◆ **Exercise requirements**:
Copy out the full listing exactly, omitting any picture it contains.

◆ **Source data**:
'''
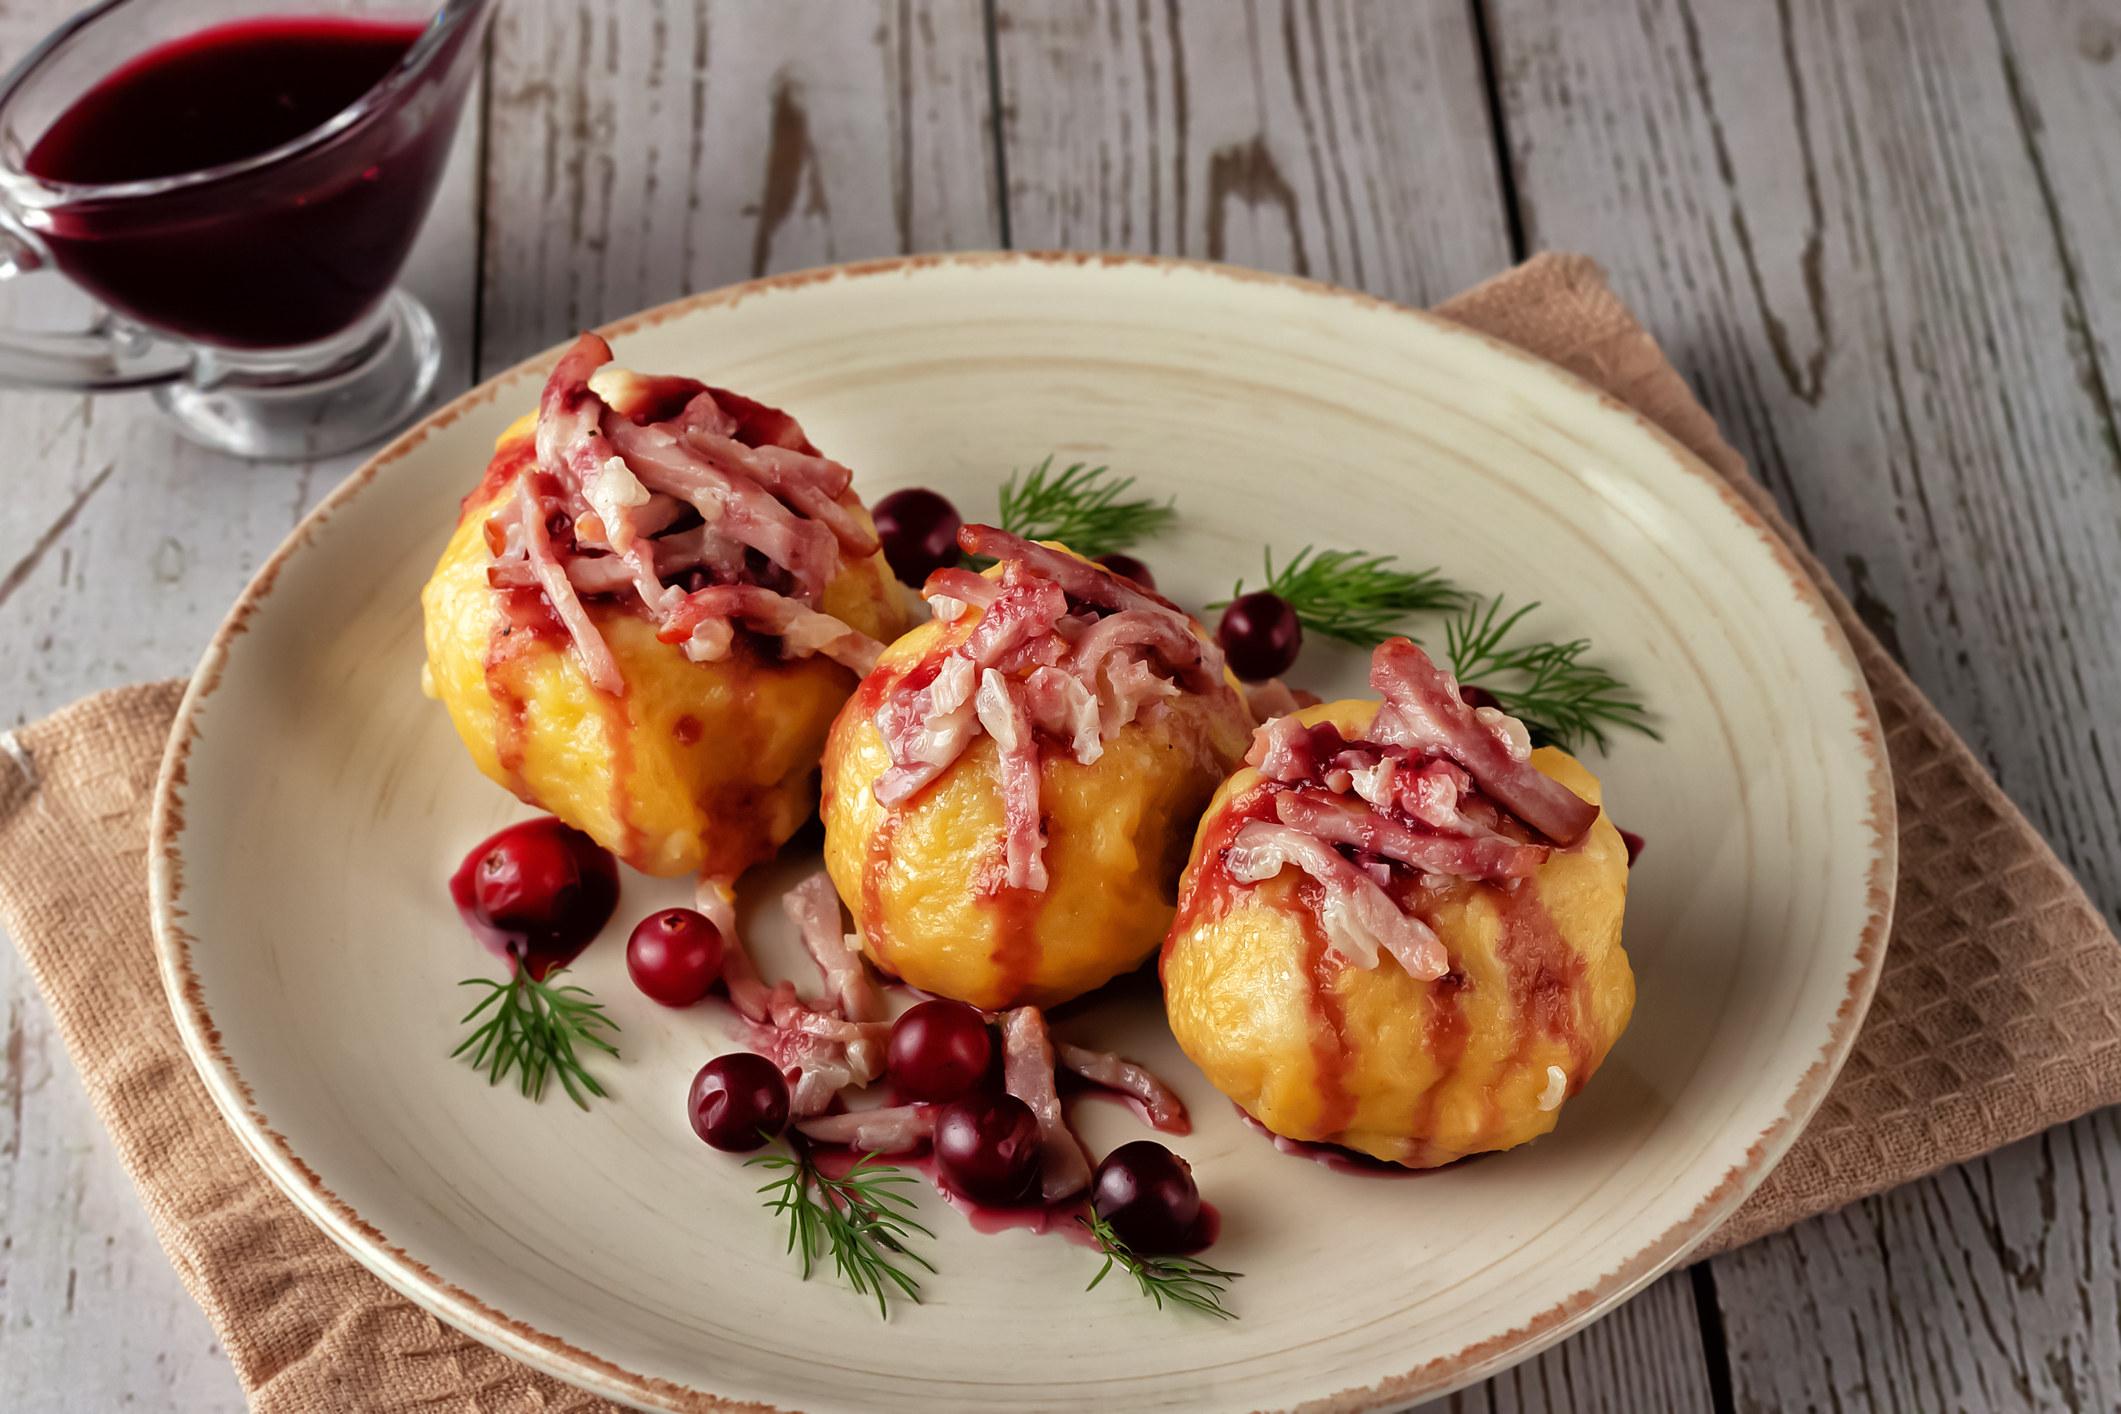 Swedish potato dumplings with gravy and berries.
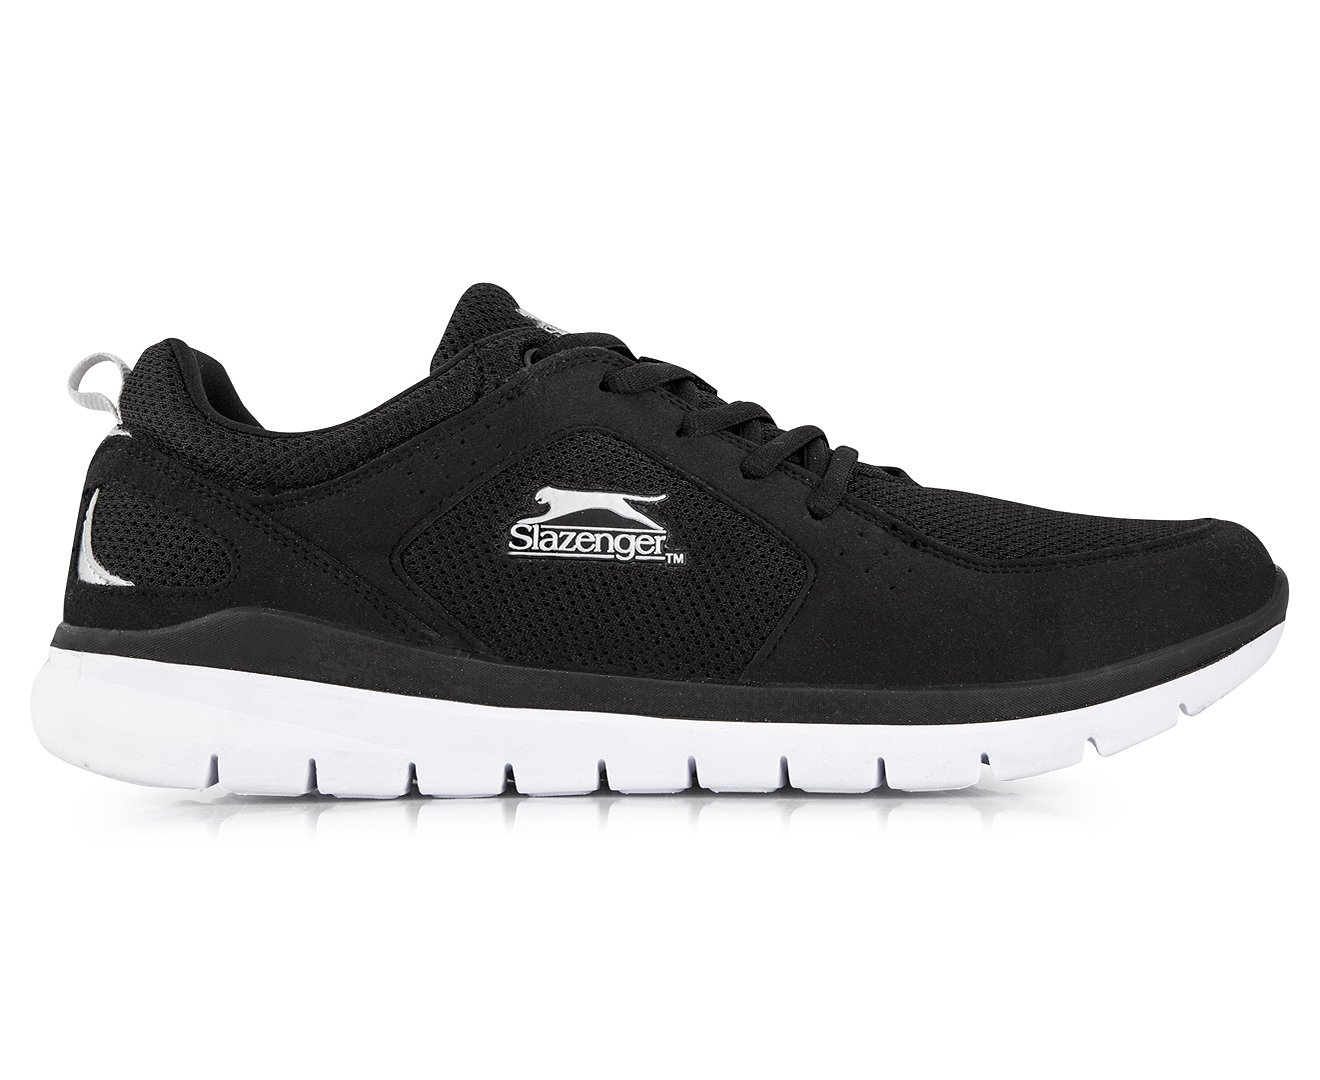 Slazenger Shoes Australia
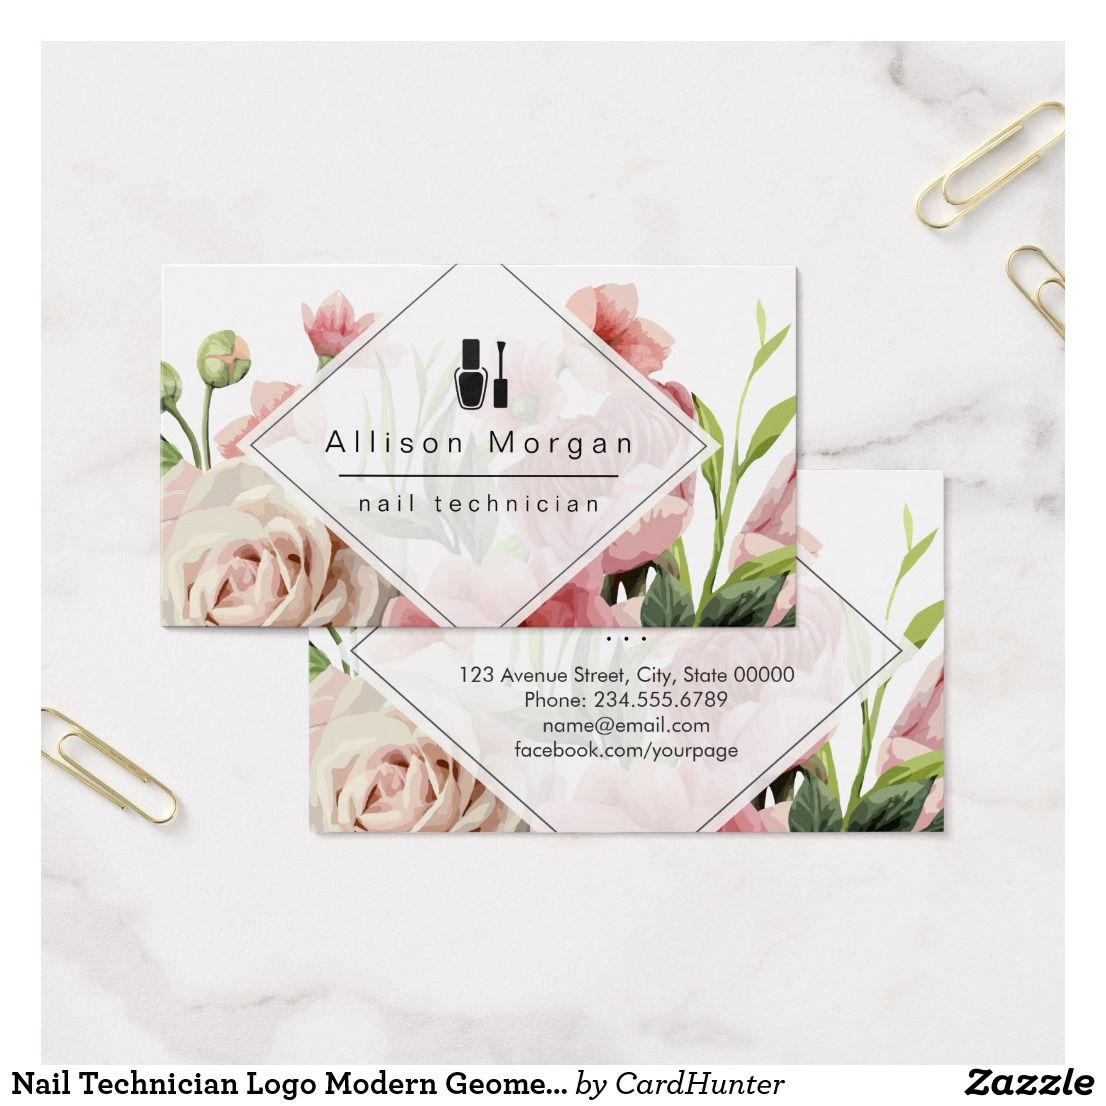 Nail Technician Logo Modern Geometric Chic Floral Business
'''
◆ **Exercise solution**:
 Swedish potato dumplings with gravy and berries.
 Slazenger Shoes Australia
 Nail Technician Logo Modern Geometric Chic Floral Business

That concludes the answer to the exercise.